So here we are on the other side of this. Can I just tell you that there has been a true peace and joy in our home these last 19 days? It's amazing how that oppression just leaves when you finally stop following your own will and follow the Lord's leading. There is joy in our home again. There is peace in our relationship again. We laugh in our home again. For those who missed our wonderful story of furniture shopping, here's the nutshell version - We found a bed we both liked on clearance but didn't ask what size it was. I went back midweek and bought it so we could pick it up yesterday. We get home and set it up, and guess what? IT'S THE WRONG SIZE! Y'all I kid you not. We thought it was a queen, but alas, it's the king we've always kind of wanted but didn't have the mattress for. And since the bed was on clearance, it's no backsies! [We do plan on getting the right size mattress sooner rather than later, for those who are concerned.] But y'all, we laughed and laughed and laughed about this bed all day. We were on the way to dinner last night, and Rebekah said, "Ya know what? We laughed today for the first time in months. You didn't immediately go to that beating yourself up place and thinking you're the worst. You didn't blame anyone. We just laughed about it." And there was so much beauty, joy, and healing in that moment. It was truly a day that was full of love and laughter, over something as small as a bed. Or as large as the wrong sized bed, I guess.

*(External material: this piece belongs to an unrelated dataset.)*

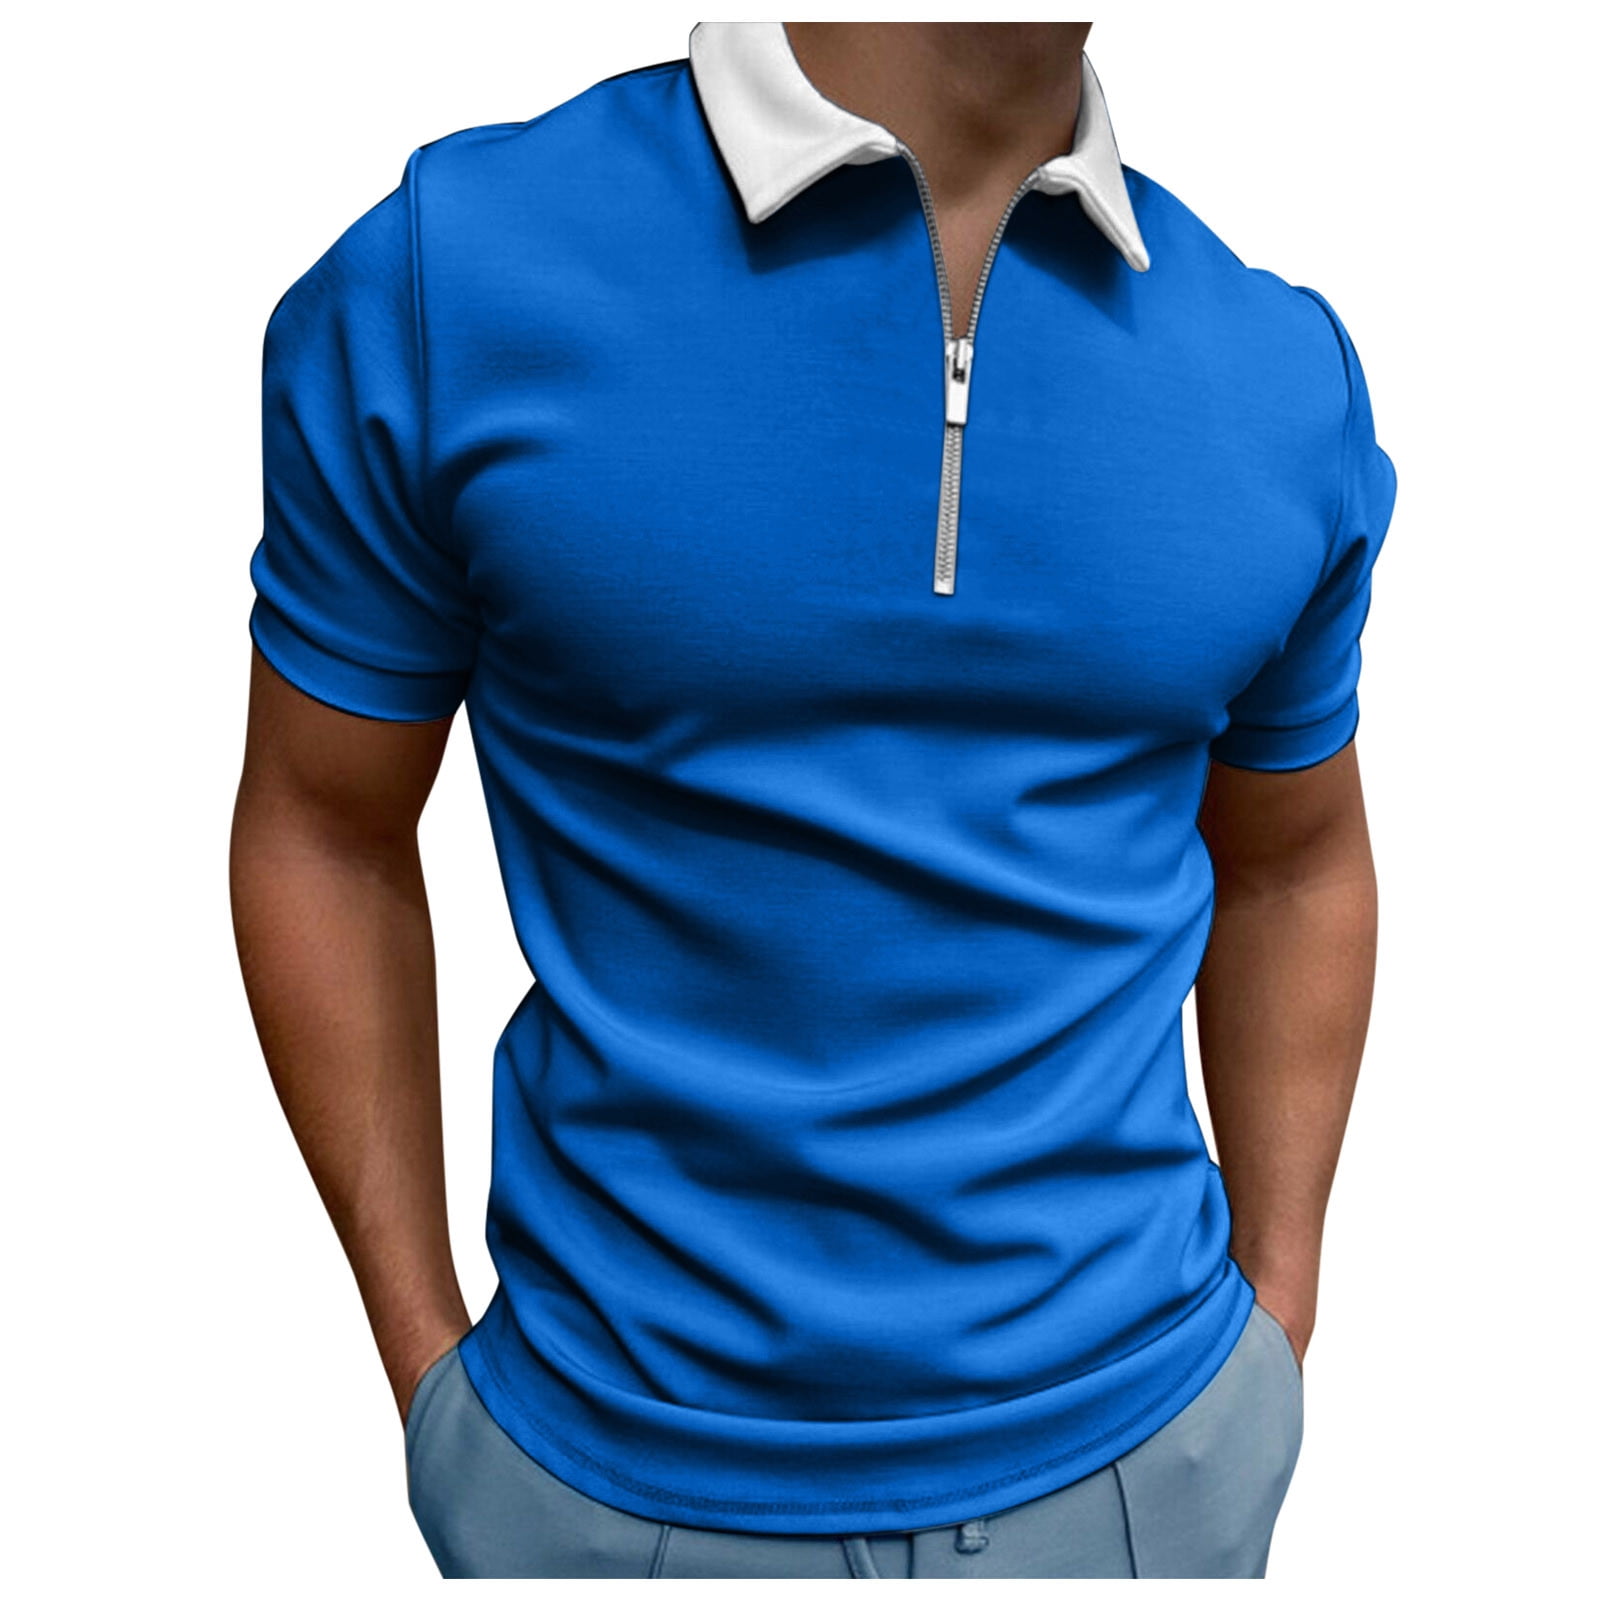 Royal Blue Shirt Style Collar Mens Denim Jacket

So maybe that was why I found myself in tears this morning as we worshipped. I truly felt peace for the first time in a year. I let go go the pressure of having it all together. I let go of that image of what I thought my life would look like and the 2.5 kids with a white picket fence and a dog. I let go of myself and embraced the beauty of what God has given me - a beautiful wife, the most hilarious kid on the planet, a home to keep us safe and warm, a job that has brought opportunity for growth every day, a church family who just loves on us so very well, and really just the breath in my lungs. That is reason to praise, and for me, it was a reason to weep tears of joy. 

May you all let go of the pieces of yourself that you are clinging to and let God do his work.